**Work instructions**: For this exercise, write out the full listing that follows exactly and skip its pictures.

**Input data**:
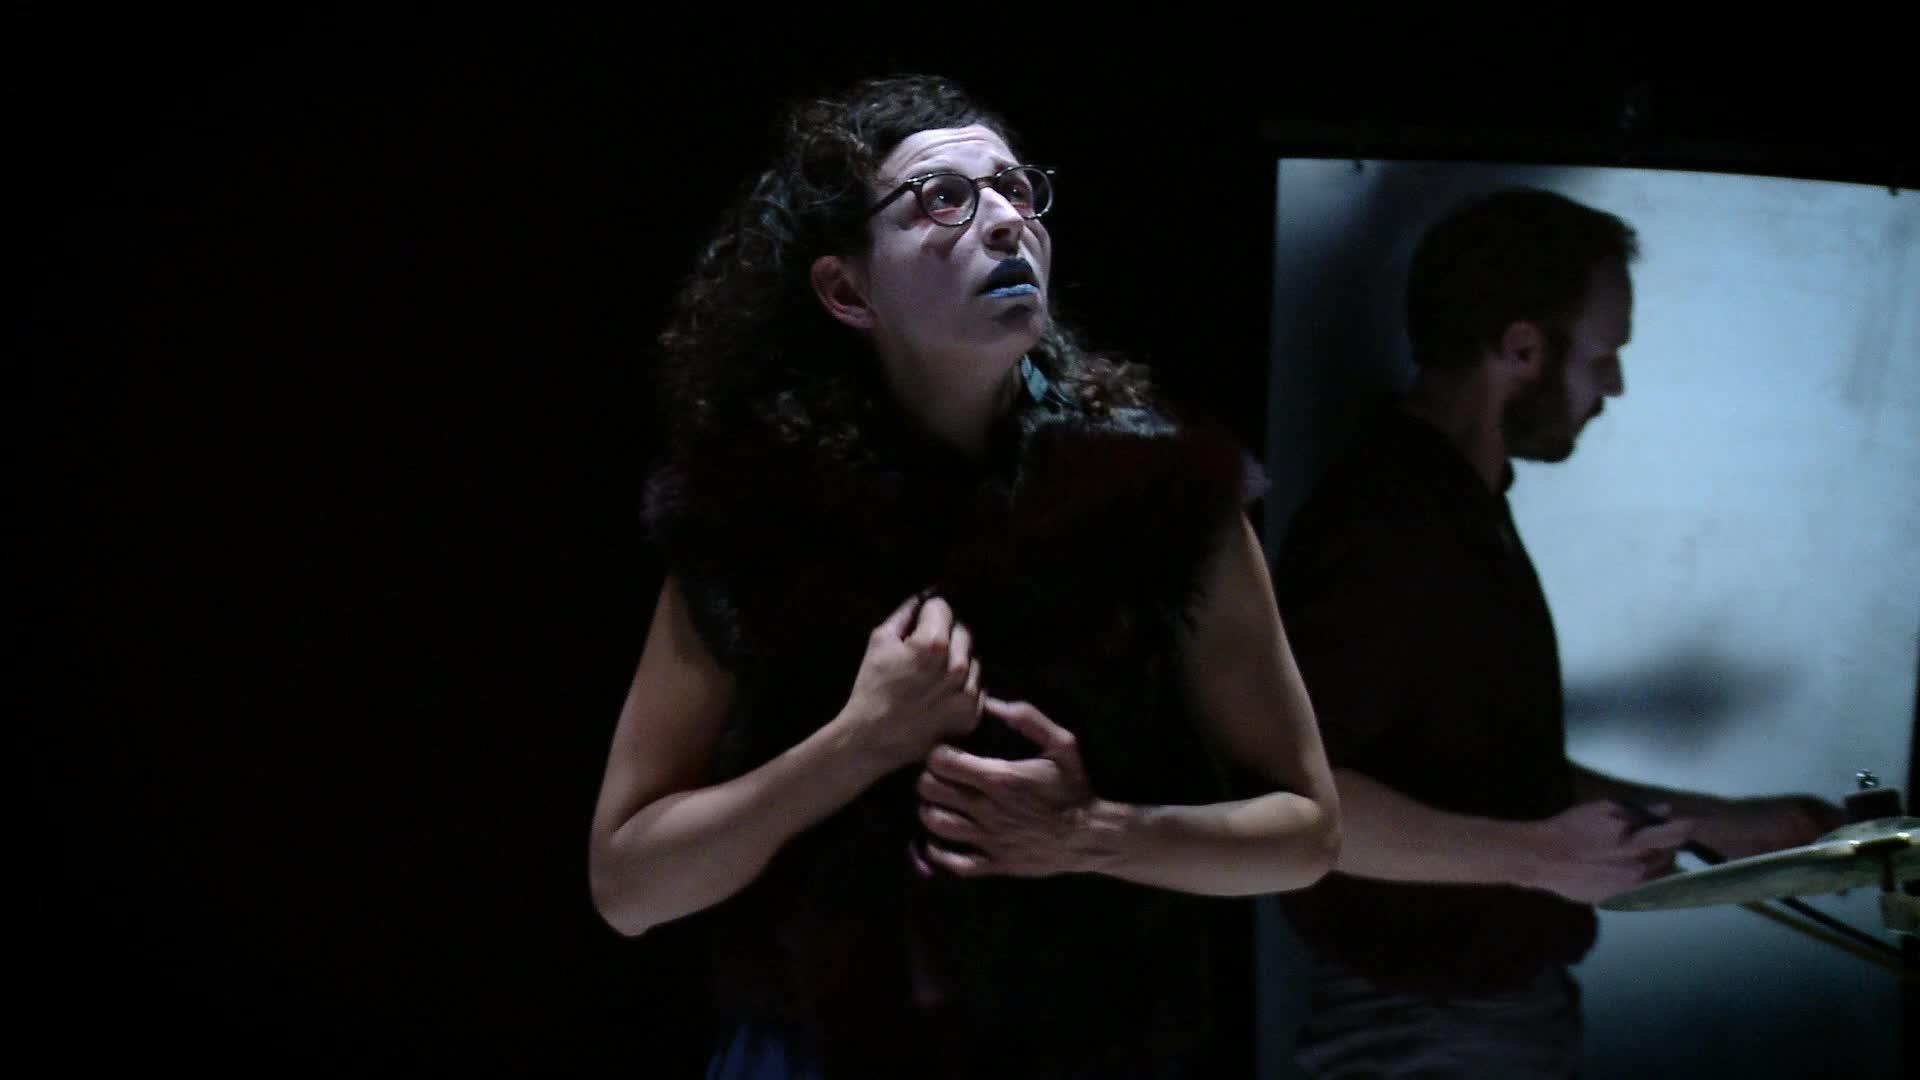 "Vidéo ""L'Empreinte du vertige"" - Clément Goethals/Angèle Baux Godard - Teaser"
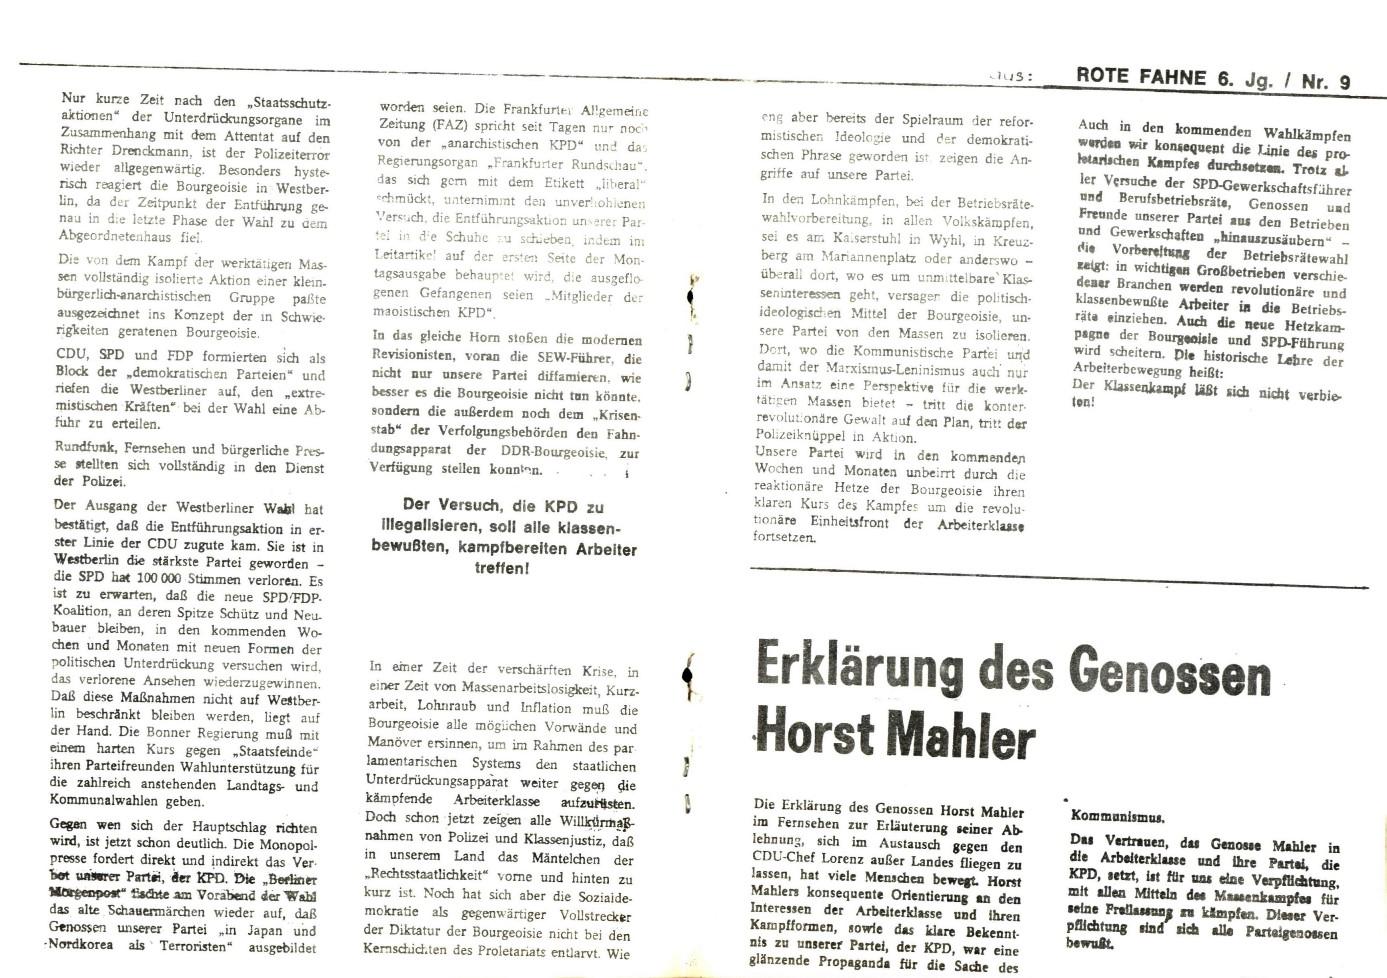 Hannover_AO_1975_Fahrpreisboykott_14
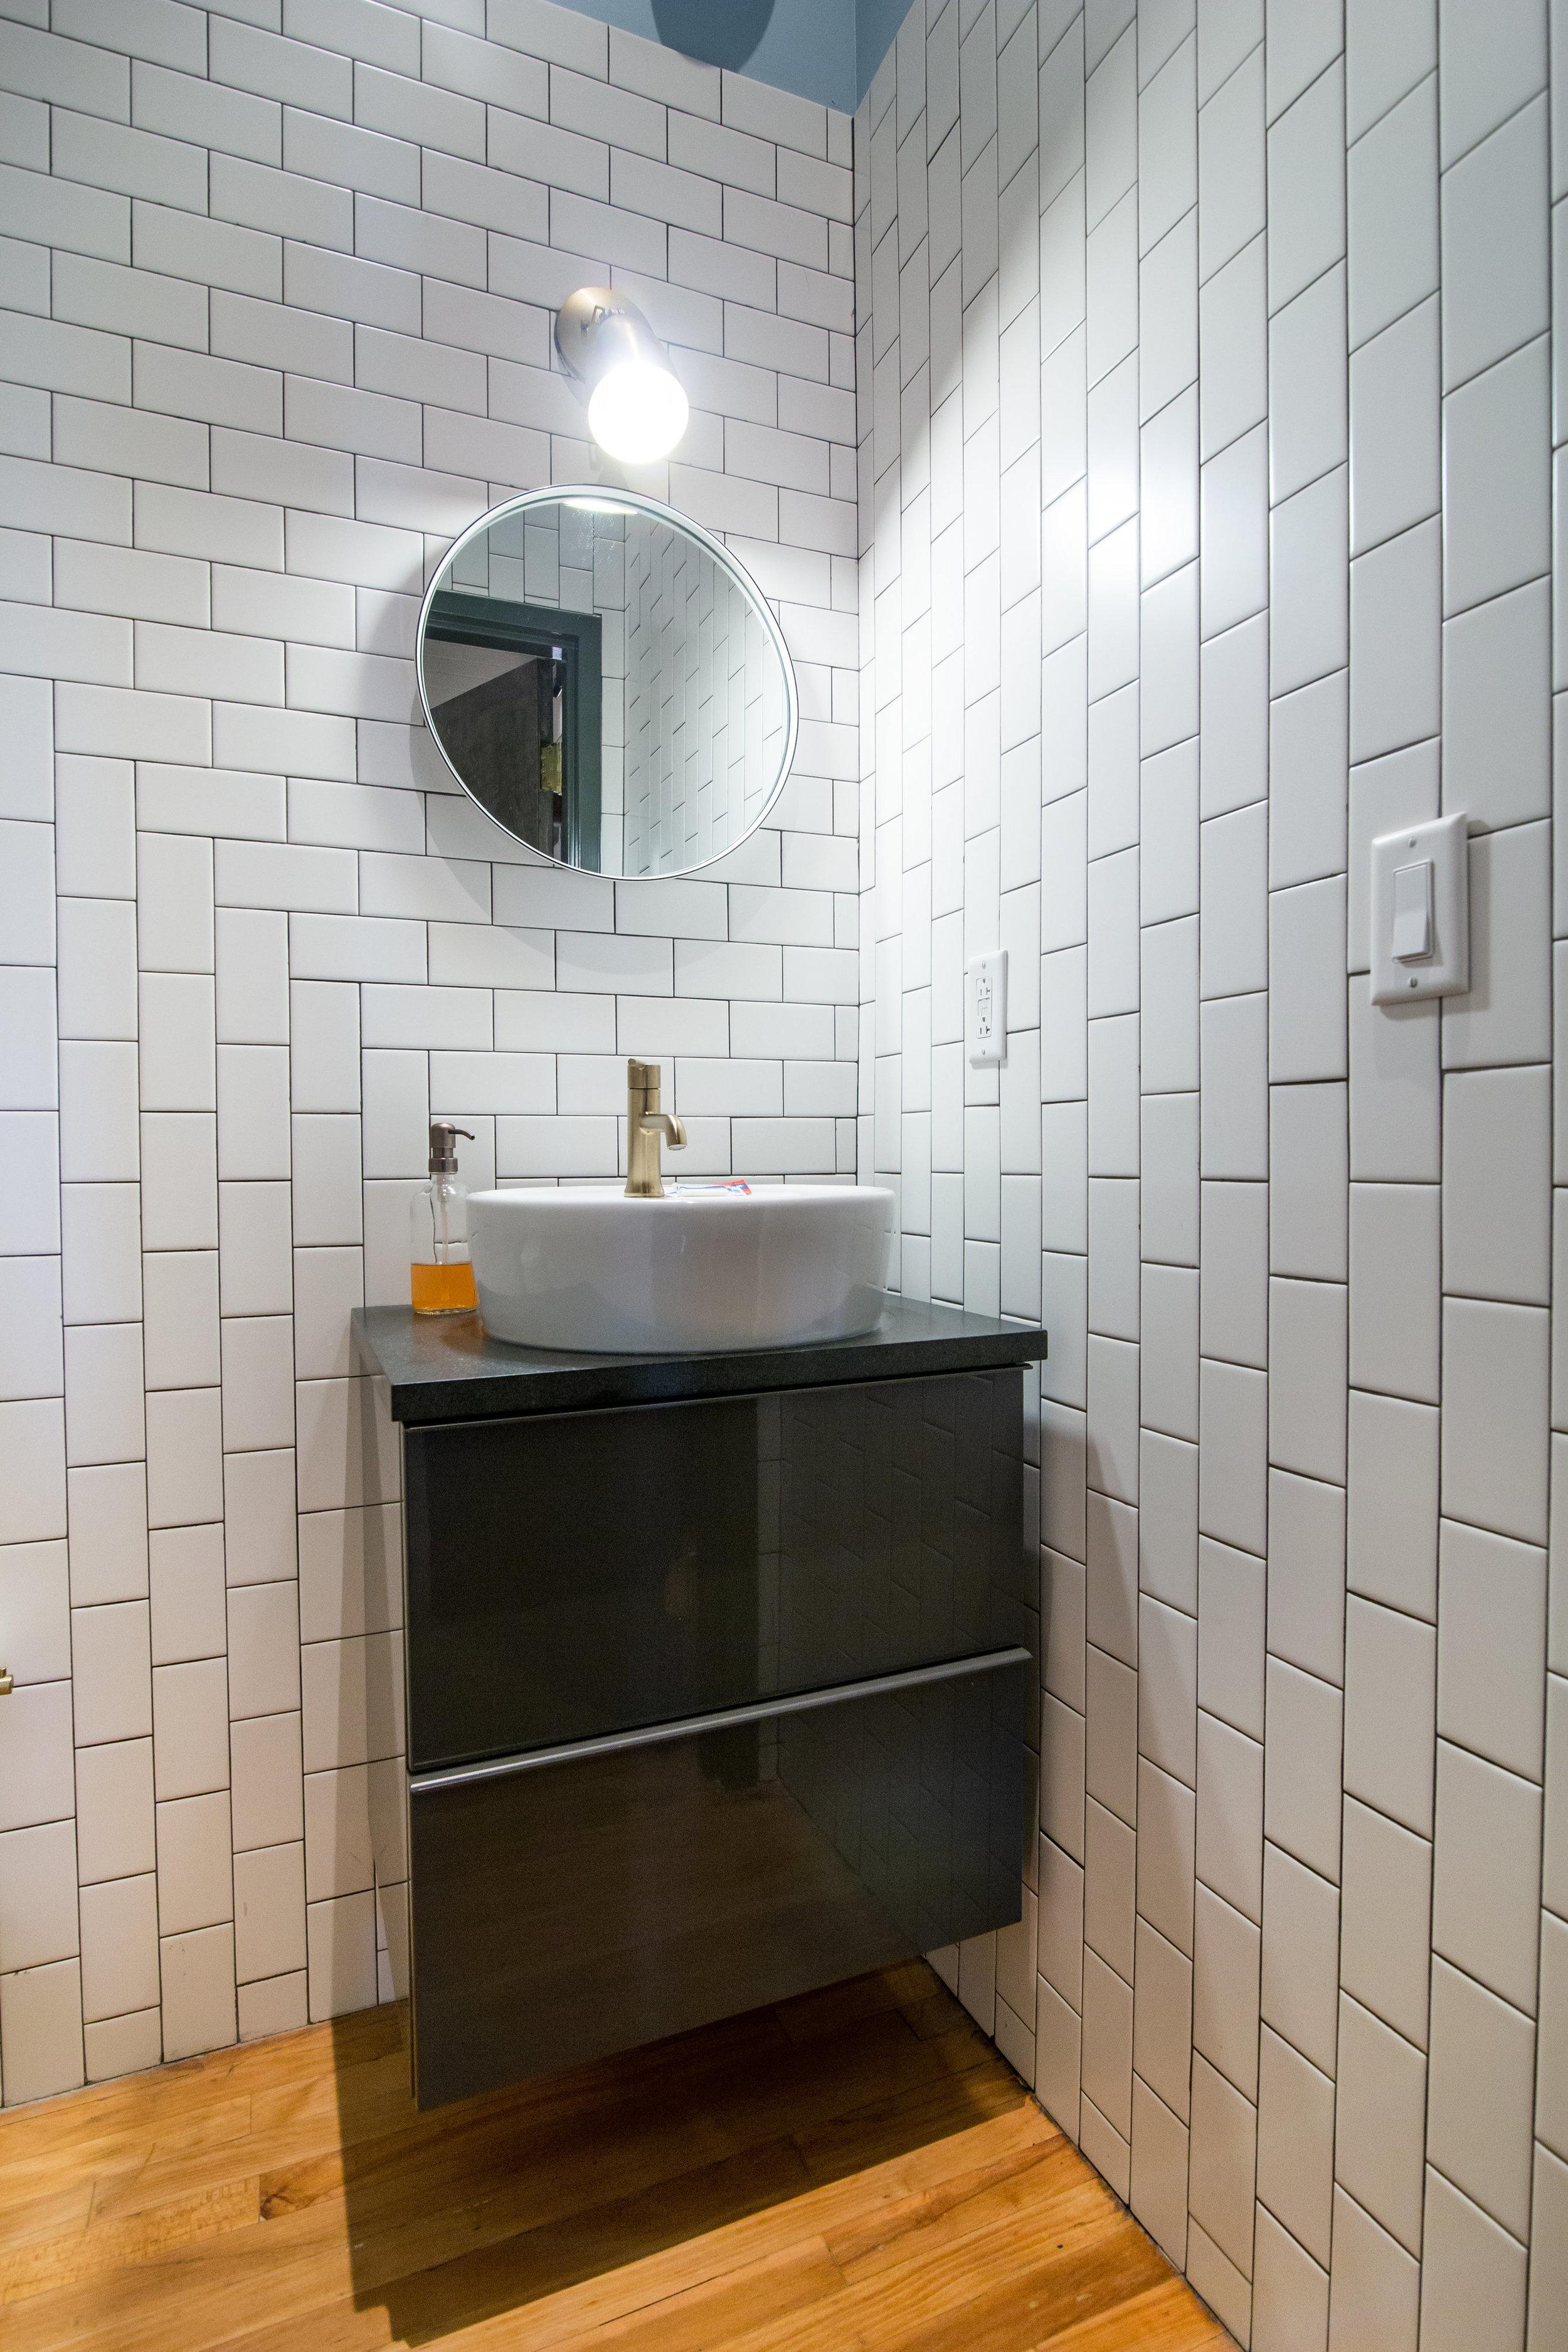 1st floor half bath vanity

**Result**:
 "Vidéo ""L'Empreinte du vertige"" - Clément Goethals/Angèle Baux Godard - Teaser"
 Hannover_AO_1975_Fahrpreisboykott_14
 1st floor half bath vanity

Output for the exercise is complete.